- Data:
== Segment start ==
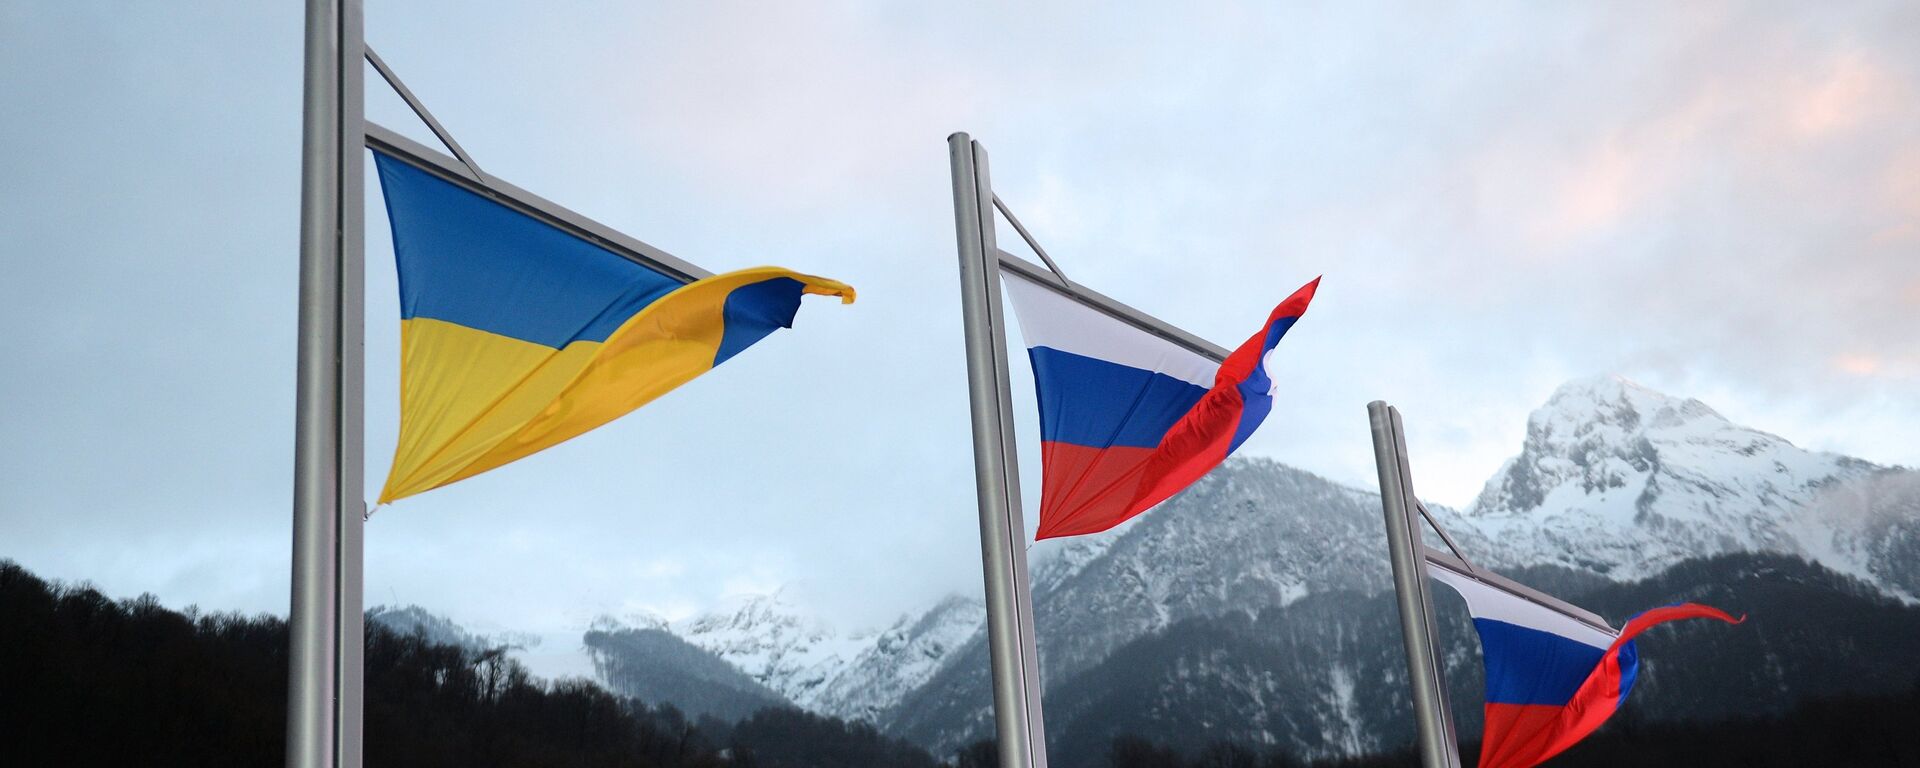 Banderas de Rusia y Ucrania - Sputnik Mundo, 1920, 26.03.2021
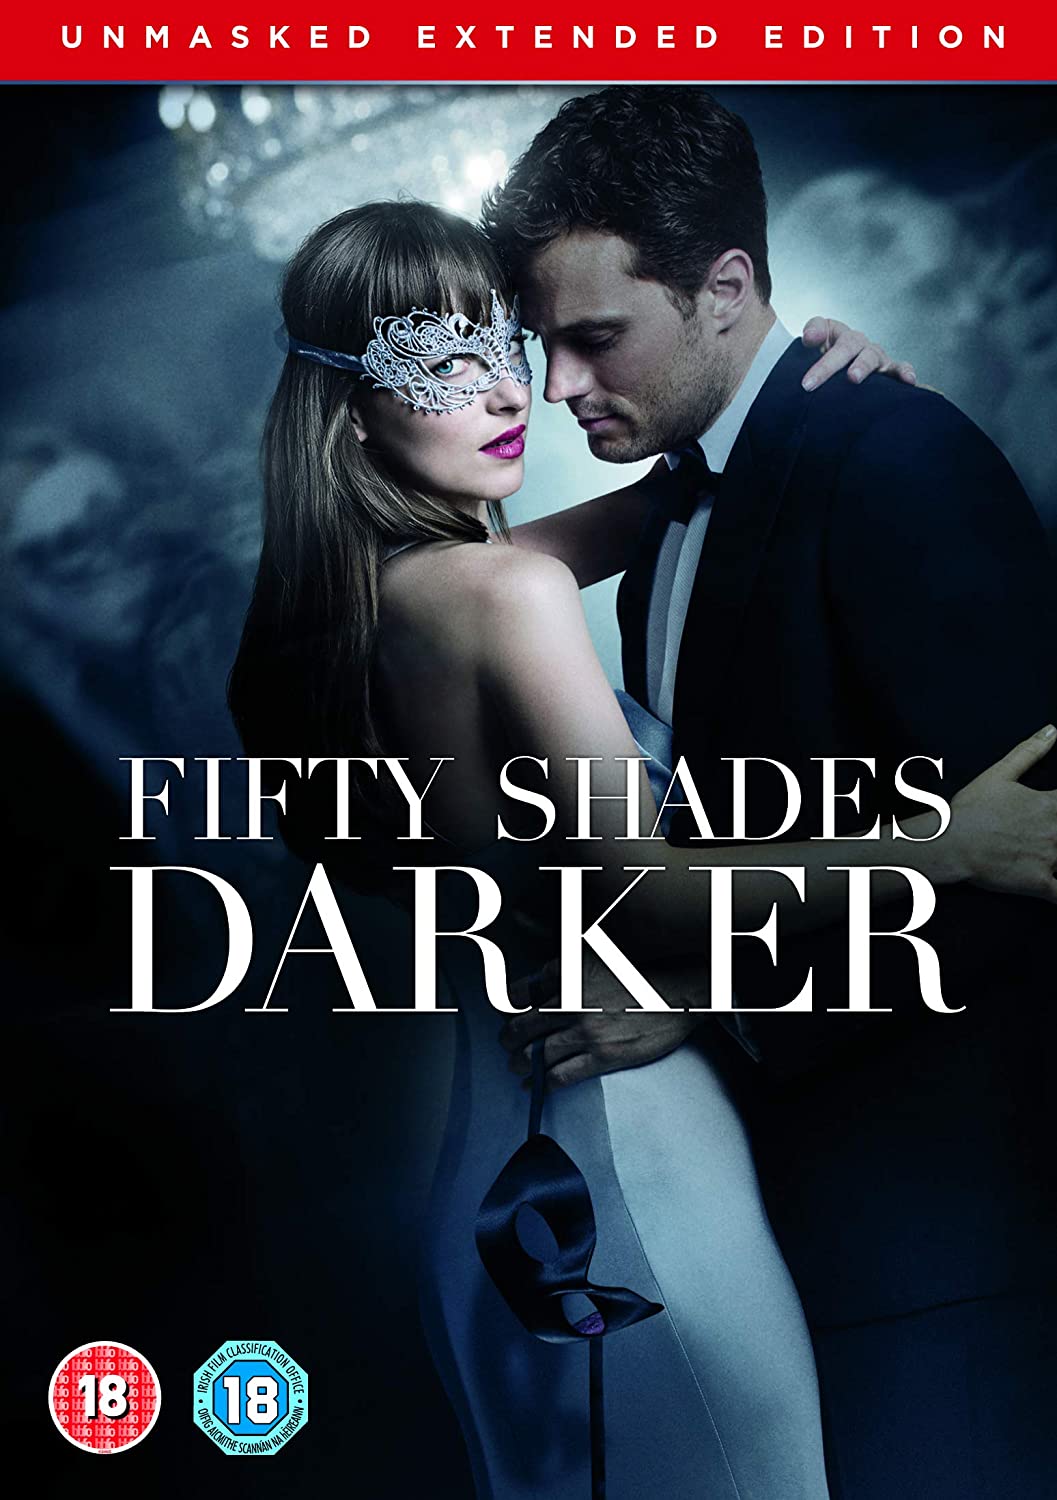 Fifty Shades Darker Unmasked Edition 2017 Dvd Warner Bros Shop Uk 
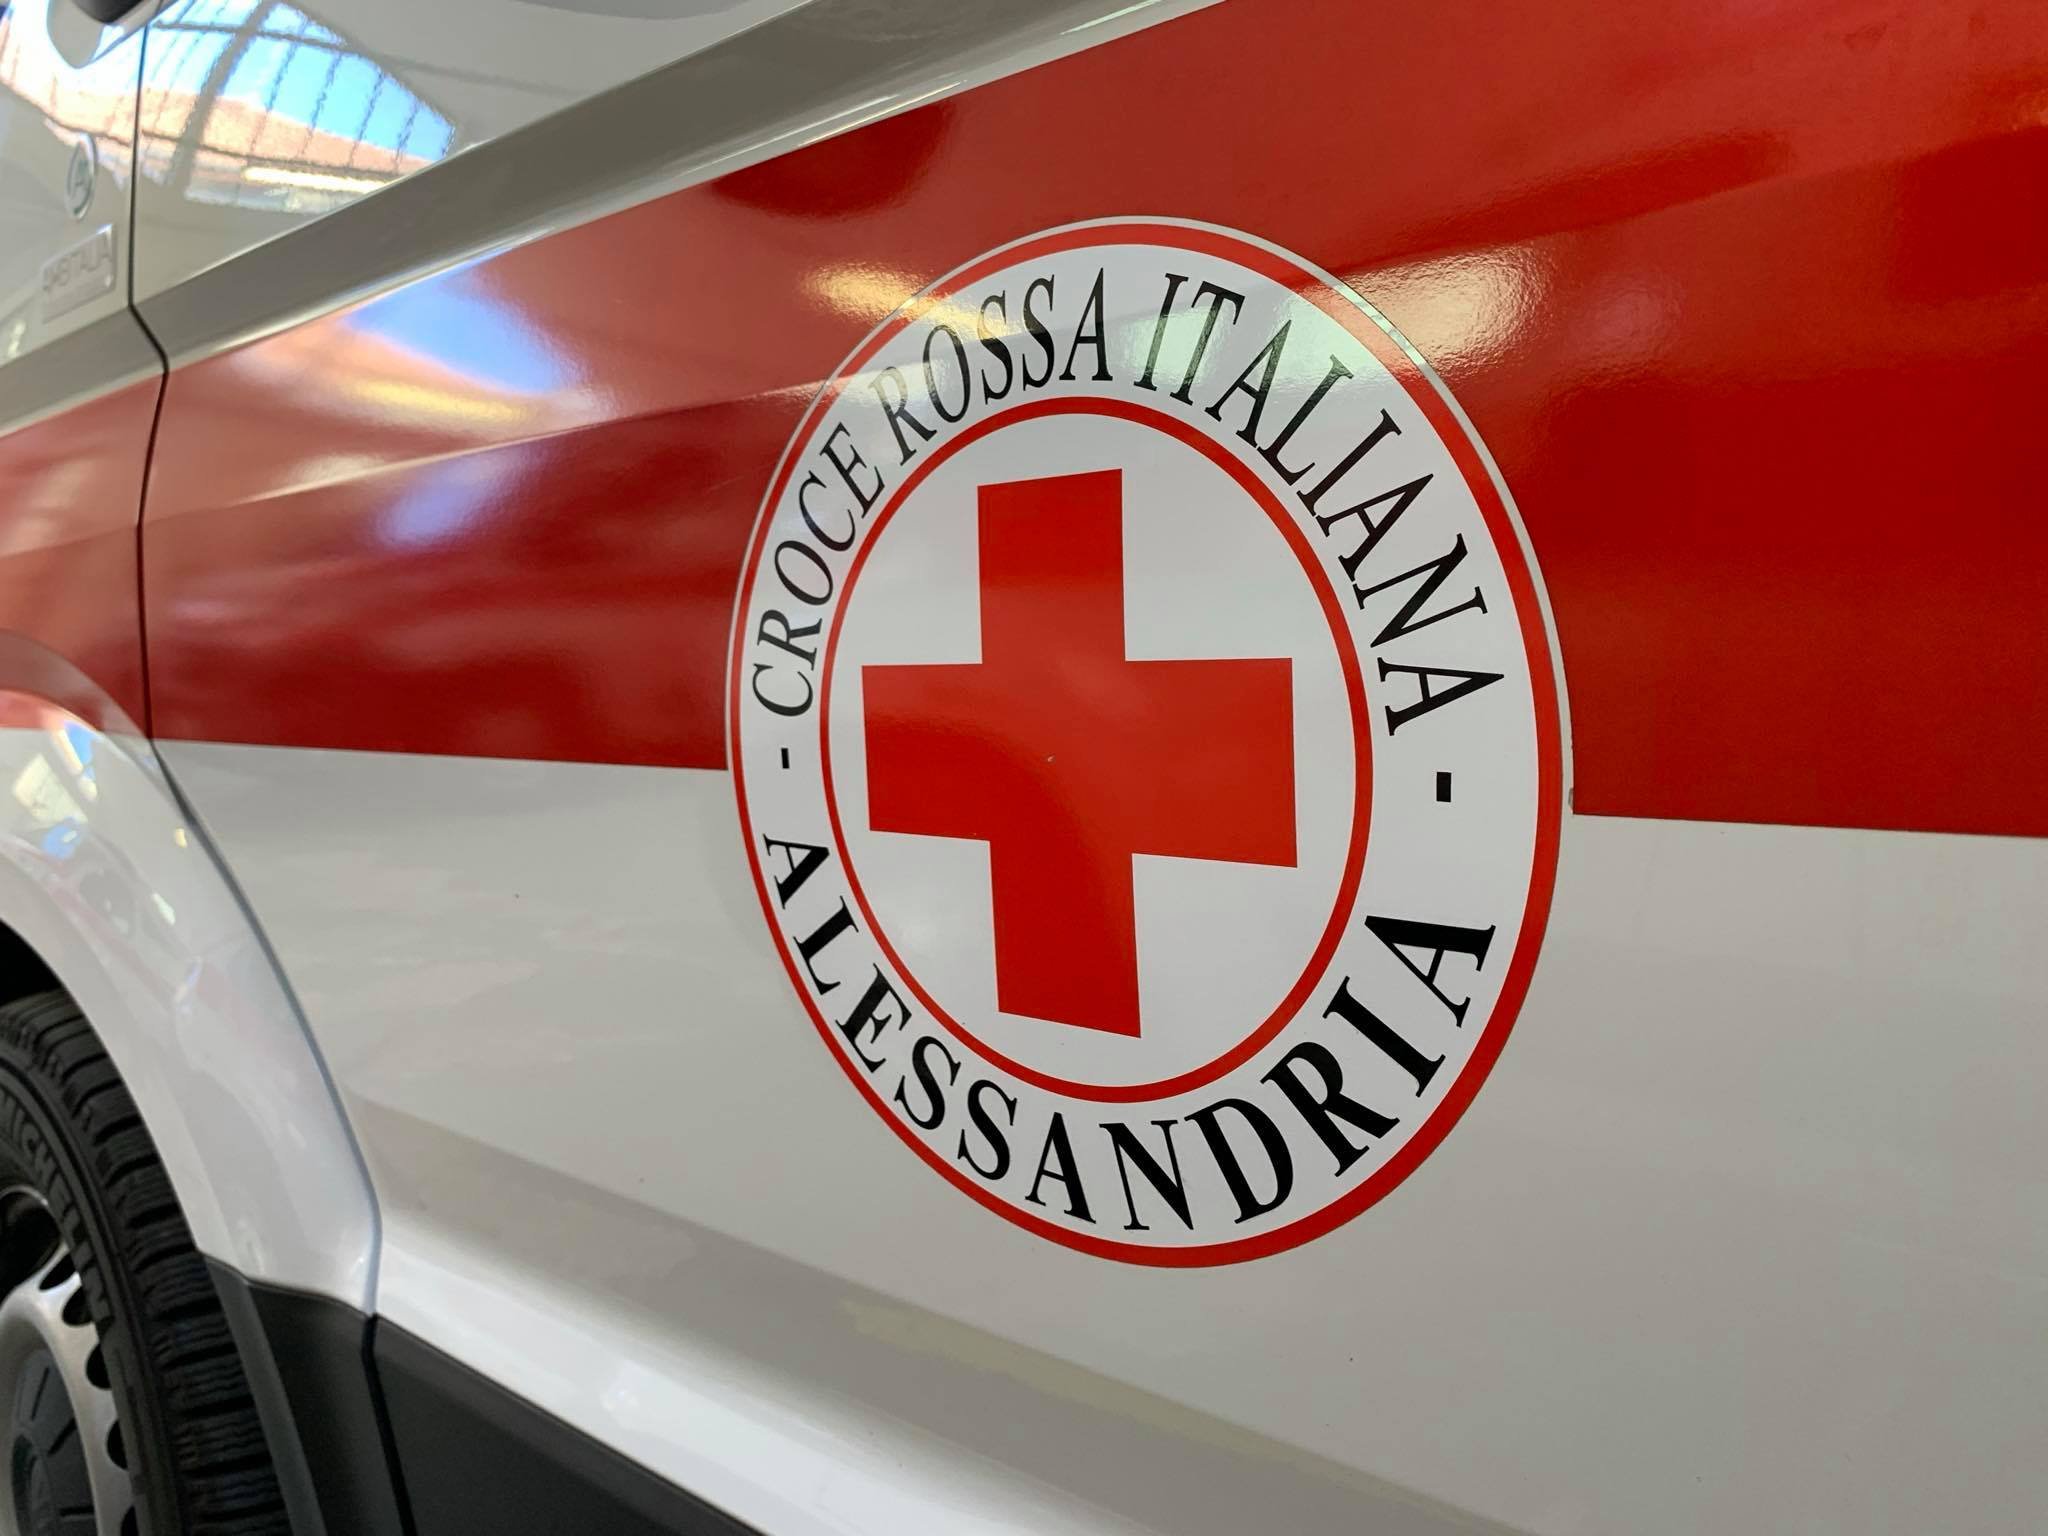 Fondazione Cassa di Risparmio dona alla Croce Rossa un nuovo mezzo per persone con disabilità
== Segment end ==
- Task directions:
Return every line above word for word, minus images.

- Answer to this task:
 Banderas de Rusia y Ucrania - Sputnik Mundo, 1920, 26.03.2021
 Fifty Shades Darker Unmasked Edition 2017 Dvd Warner Bros Shop Uk 
 Fondazione Cassa di Risparmio dona alla Croce Rossa un nuovo mezzo per persone con disabilità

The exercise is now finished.